An assistant judge of three to five years experience in a local court is paid about 2,000 yuan (about 322 U.S. dollars) per month. In less developed regions, a chief judge in an intermediate court with 10 years of experience can earn only 4,000 yuan a month.

The latest judicial reform has recommended pay rises to bridge the gap between the judges and lawyers.

But even that could fail to compensate for the rising caseloads of judges, especially in local people's courts.

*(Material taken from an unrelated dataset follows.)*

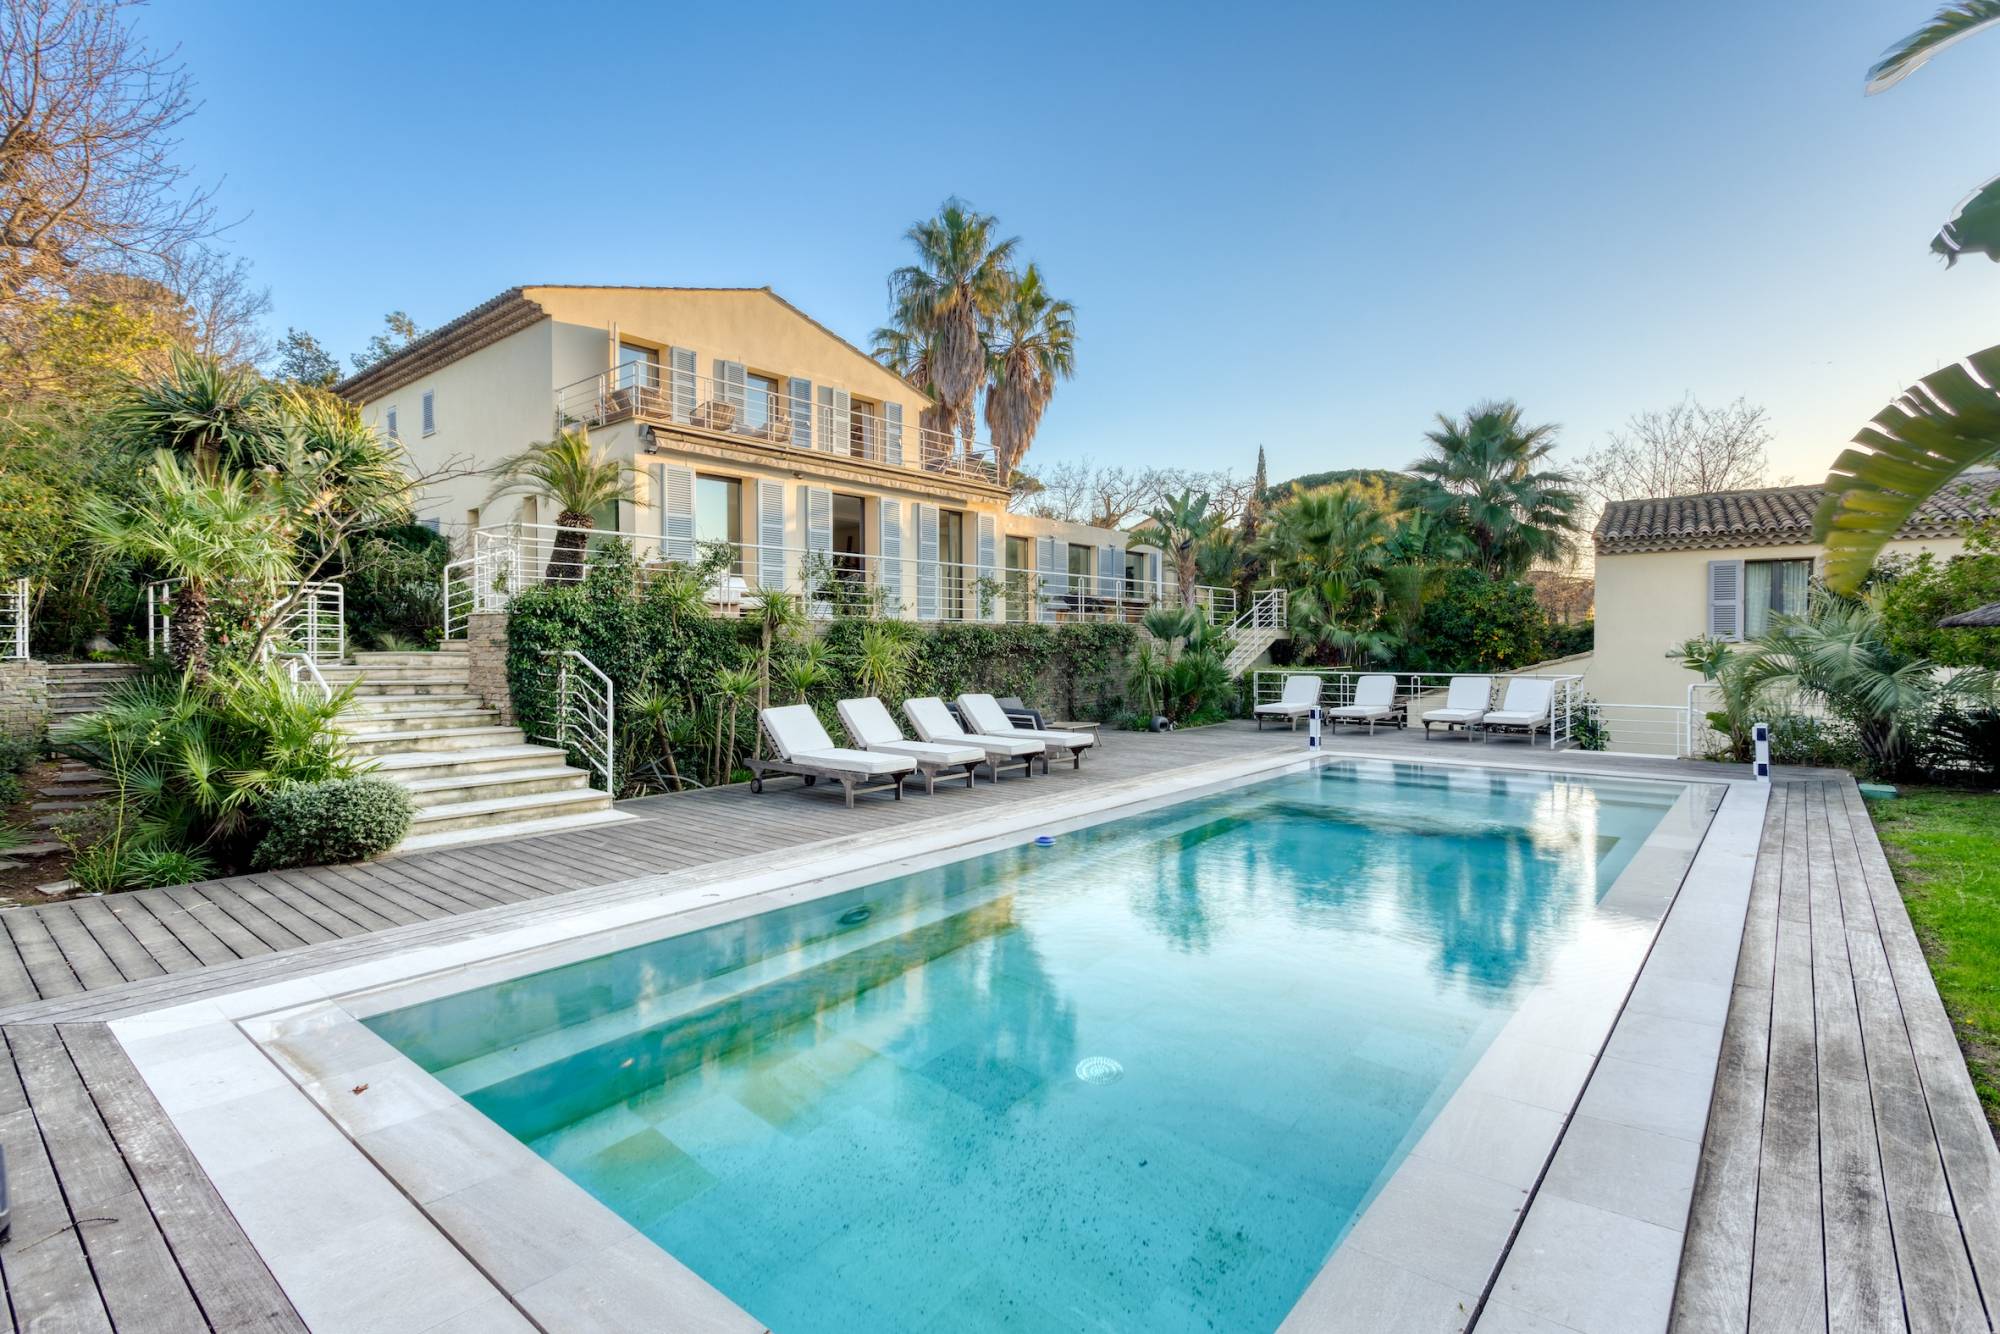 VERKOOP Villa 8(+3) SLPK Saint-Tropez - Uitzonderlijke eigendom / zeezicht + zicht op 
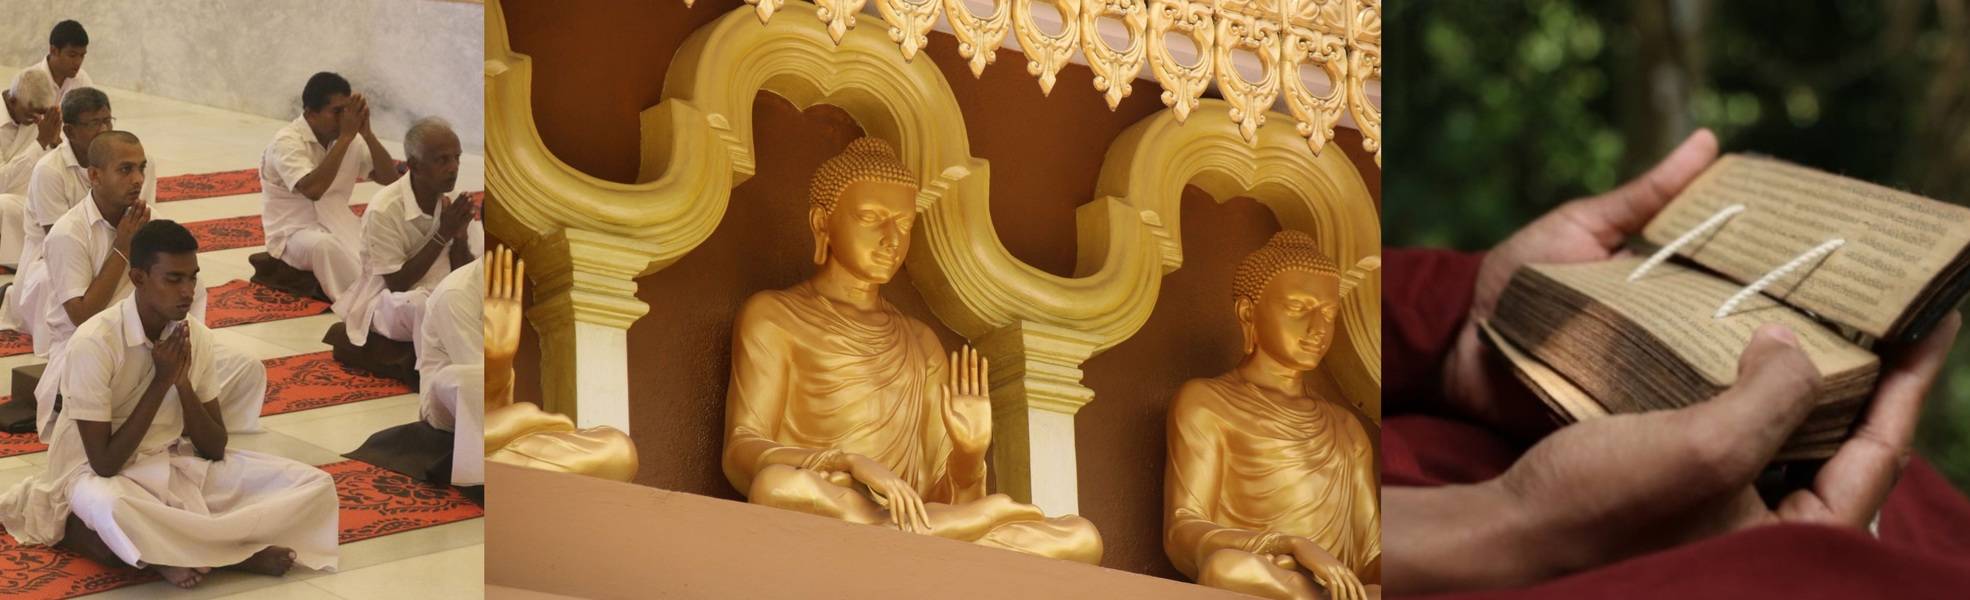 Freiwilligenarbeit im Kloster auf Sri Lanka

SPC Chief Justice Zhou Qiang revealed in the court's 2015 work report that in some developed regions, local court judges deal with more than 300 cases a year – more than one each working day.

A reform that came into effect on May 1 ended a review system that allowed a judge to review a case and decide whether to allow it into the court system.

Under the new registration system, the court has to immediately register cases filed with legitimate formalities, or it must give a written request for the litigant to re-file the case or issue a written rejection stating the reasons for rejection.

The day it took effect, Shenzhen's Futian District People's Court registered 234 cases, up from 99 cases the day before.

The rising pressure is the last straw for many local court judges who suffer disrespect in the courtroom too.

It's not about money, says former judge Zhang Wei, who quit in June last year after 16 years on the bench in Beijing.

Becoming a judge had been Zhang's ambition before he passed the qualification examination. The robes, the gavel, and solemn atmosphere in the court made him proud.


Zhang Wei (center) used to be very proud as a judge. The photo shot in July 2011 shows a litigant sent him a silk banner praising Zhang's impartiality. Photo from Beijing Youth Daily

But his professional esteem was undermined by increasing disrespect from some litigants. Zhang and his colleagues were yelled at, and sometimes threatened, by dissatisfied litigants who claimed to be unfairly treated. The court did little to prevent the harassment.

Days before his resignation, Zhang refused to accept a lawsuit due to lack of evidence. The elderly man who filed the case rushed into the court, shouting at him and smashing his gavel and his esteem as a judge.

"Working extra hours on low pay doesn't bother me, as long as it is for the law and justice," says Yang Tianbao, a prosecutor of 10 years in a district procuratorate in Chengdu, capital of southwest China's Sichuan Province.

What does bother him are the extra duties demanded of all civil servants, including judges and prosecutors.

Several times a year, Yang and his colleagues and judges are required to join other civil servants to clean the streets and pick up cigarette butts for the city's hygiene campaign.

Yang is not alone, as their peers in other cities, Beijing for example, also take part in hygiene campaign, or even keep order at train stations during the Spring Festival travel rush, according to Beijing Evening News.

The latest reform encourages experienced lawyers and legal researchers to take up posts on the bench. As the judicial system improves, it is hoped judges and prosecutors might be more desirable careers.

Yang still believes being a judge or prosecutor is a good option for law graduates. "Compared with private practice, the job is stable and easy to enter. Young graduates can acquire experience, and find a better job when the time comes."